-- Task prompt --
Copy, word for word, the lines of the entries below between the one with "Benefits of digitisation" and the one with "Audi Q2 Interieur", inclusive, and leave out everything else.

-- Records for this exercise --

==========

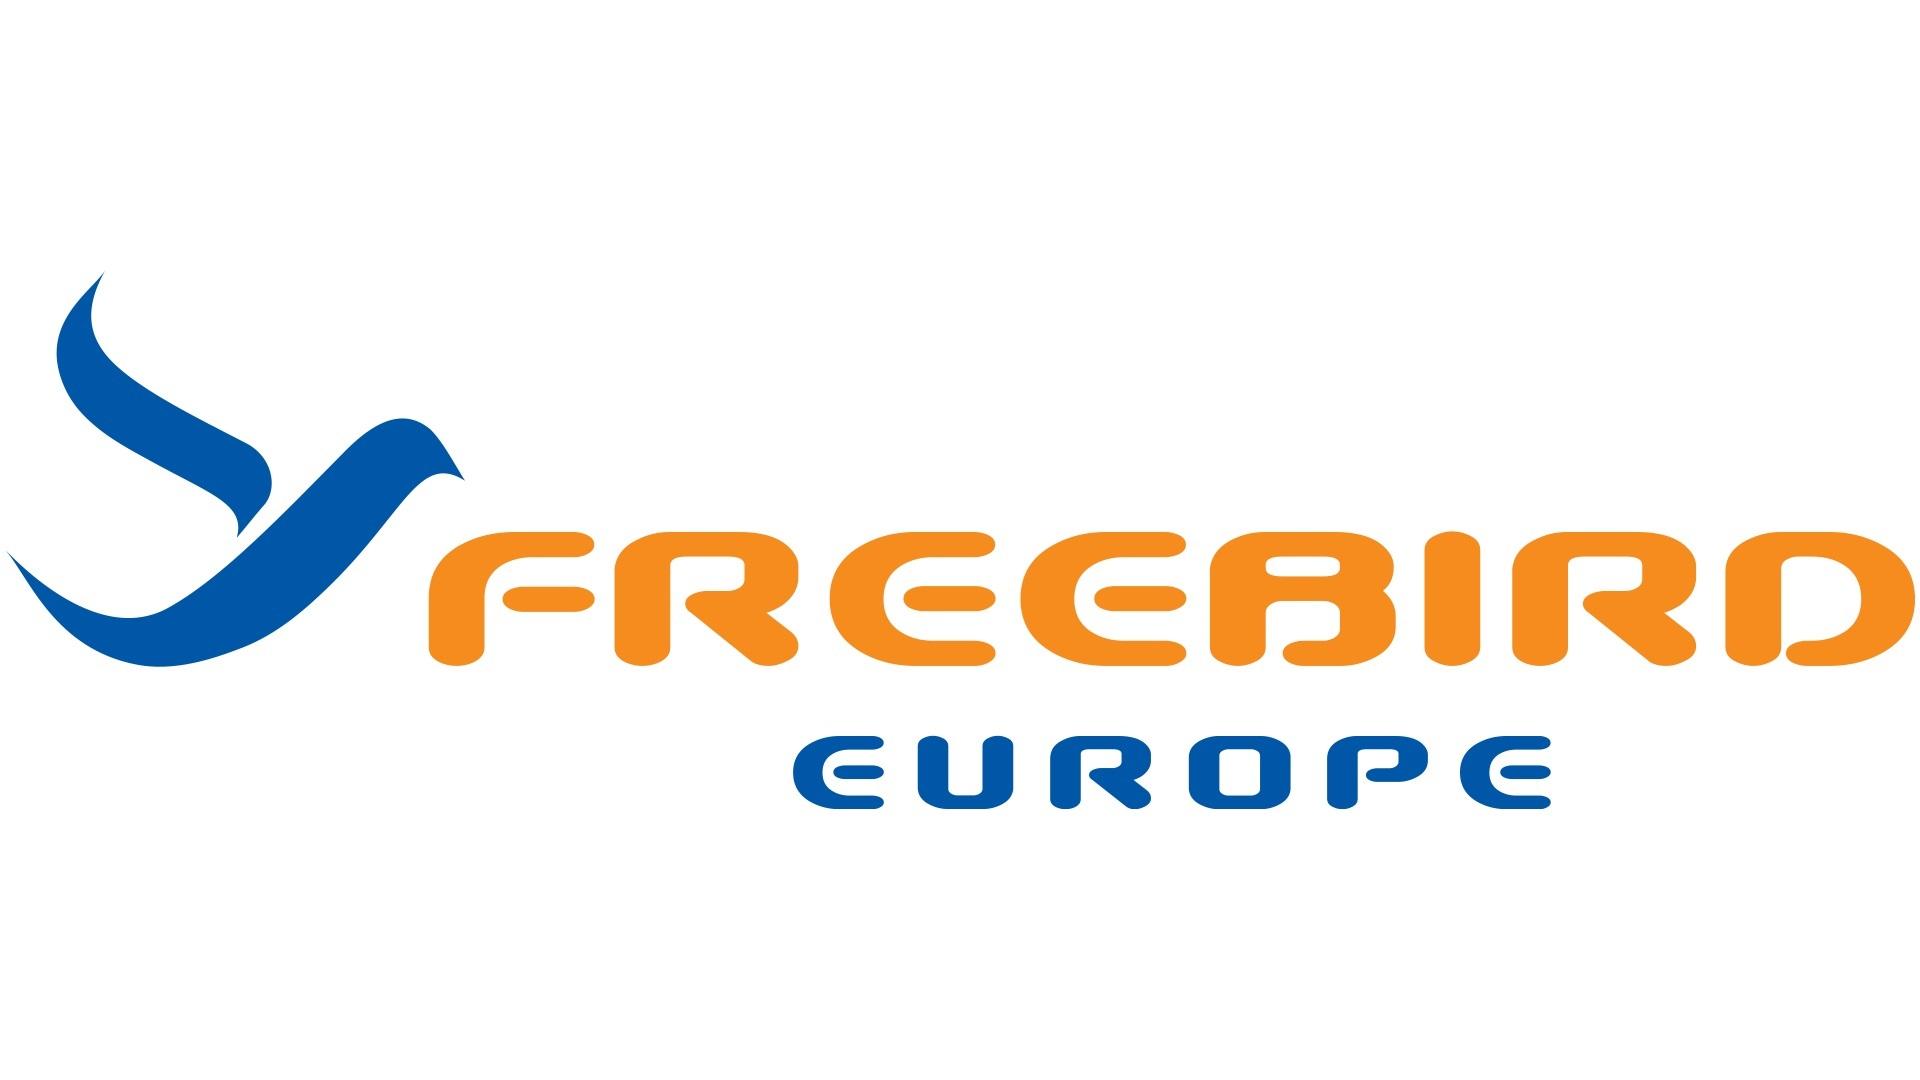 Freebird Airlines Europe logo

==========

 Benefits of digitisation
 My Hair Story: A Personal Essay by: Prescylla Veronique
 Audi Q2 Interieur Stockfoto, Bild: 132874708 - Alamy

==========

-- Answer box --
 Benefits of digitisation
 My Hair Story: A Personal Essay by: Prescylla Veronique
 Audi Q2 Interieur Stockfoto, Bild: 132874708 - Alamy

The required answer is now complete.